East Kent College principal Graham Razey (pictured) said it was a “fresh start” for young people in the area.

“Student numbers have been declining over the last five years but applications are already significantly up for September, so we hope to reverse this trend as soon as possible. Young people are currently travelling out of the area or not engaging in education at all – something we need to change.”   

K College, which has around 15,000 students and more than 800 staff, was formed in April 2010 by the merger of West Kent and South Kent Colleges, but the merger failed and left the college more than £16 million in the red.

The new college inherited the debts of the previous two institutions and a series of financial issues added to its woes. It was rated inadequate by Ofsted last December.

The Tonbridge and Tunbridge Wells campuses will be rebranded as West Kent College and, together with Ashford College and Hadlow College, will form part of the Hadlow Group.

Mr Hannan said K College’s debt was “manageable” thanks to agreements with the government and Barclays Bank, and promised the college would be solvent.

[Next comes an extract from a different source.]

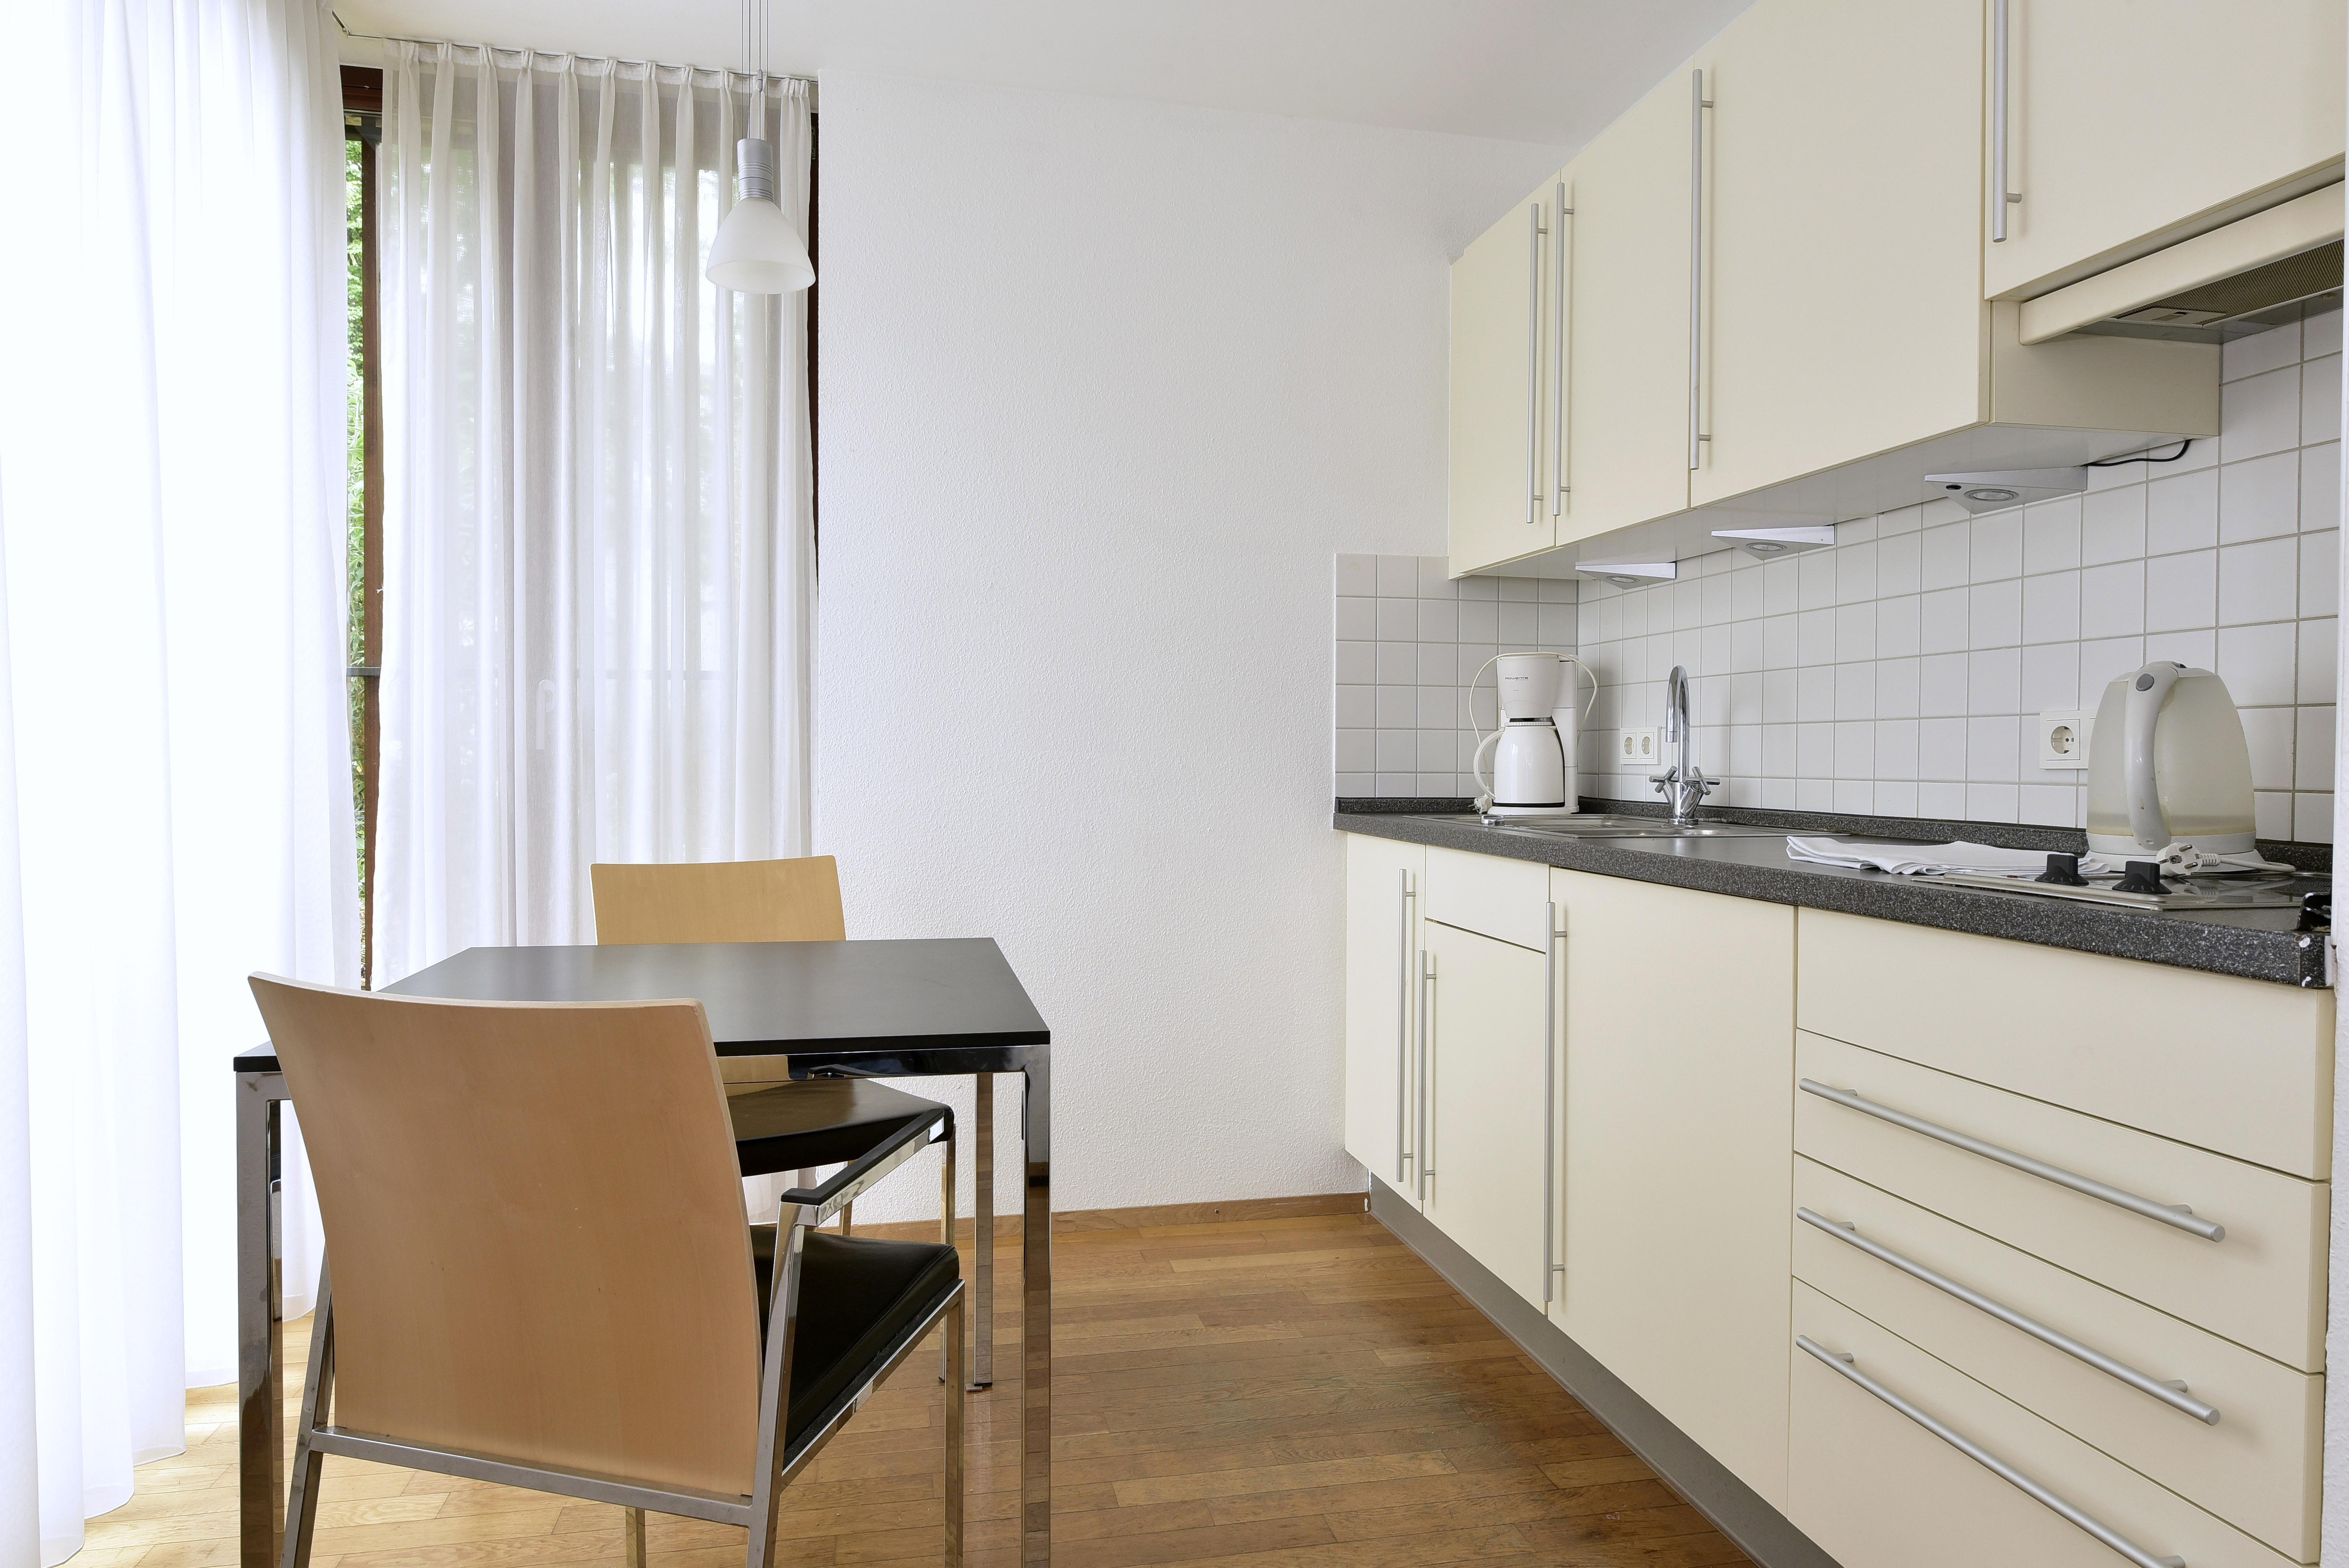 Liefmann-Haus Neubau — Housing
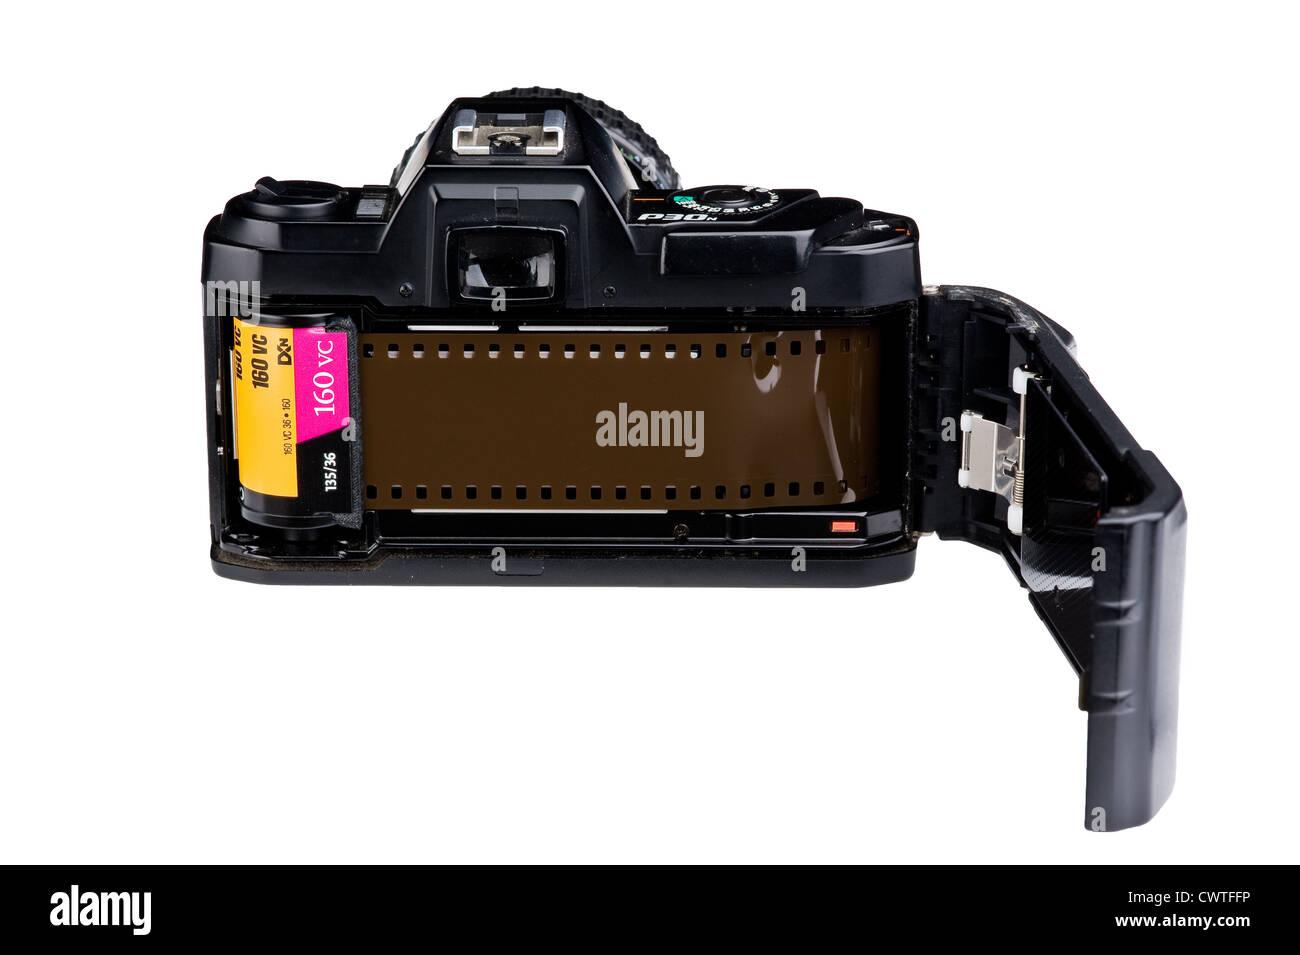 Pentax 35mm film camera. - Stock Image

East Kent College said plans are in place to greatly improve the facilities and broaden the range of courses at its two new campuses.

Initial improvements at Dover include upgrading IT facilities and creating a new learning centre and catering area. Eventually it wants to create a vocational space for students studying engineering, logistics and hospitality.

There are plans at Folkestone to reintroduce early-years provision and social care, extend the construction offer to include brickwork and plastering and provide an environment to study creative media.

By September 2015, the college hopes to have a commercial salon and restaurant on site for students to learn in a working environment.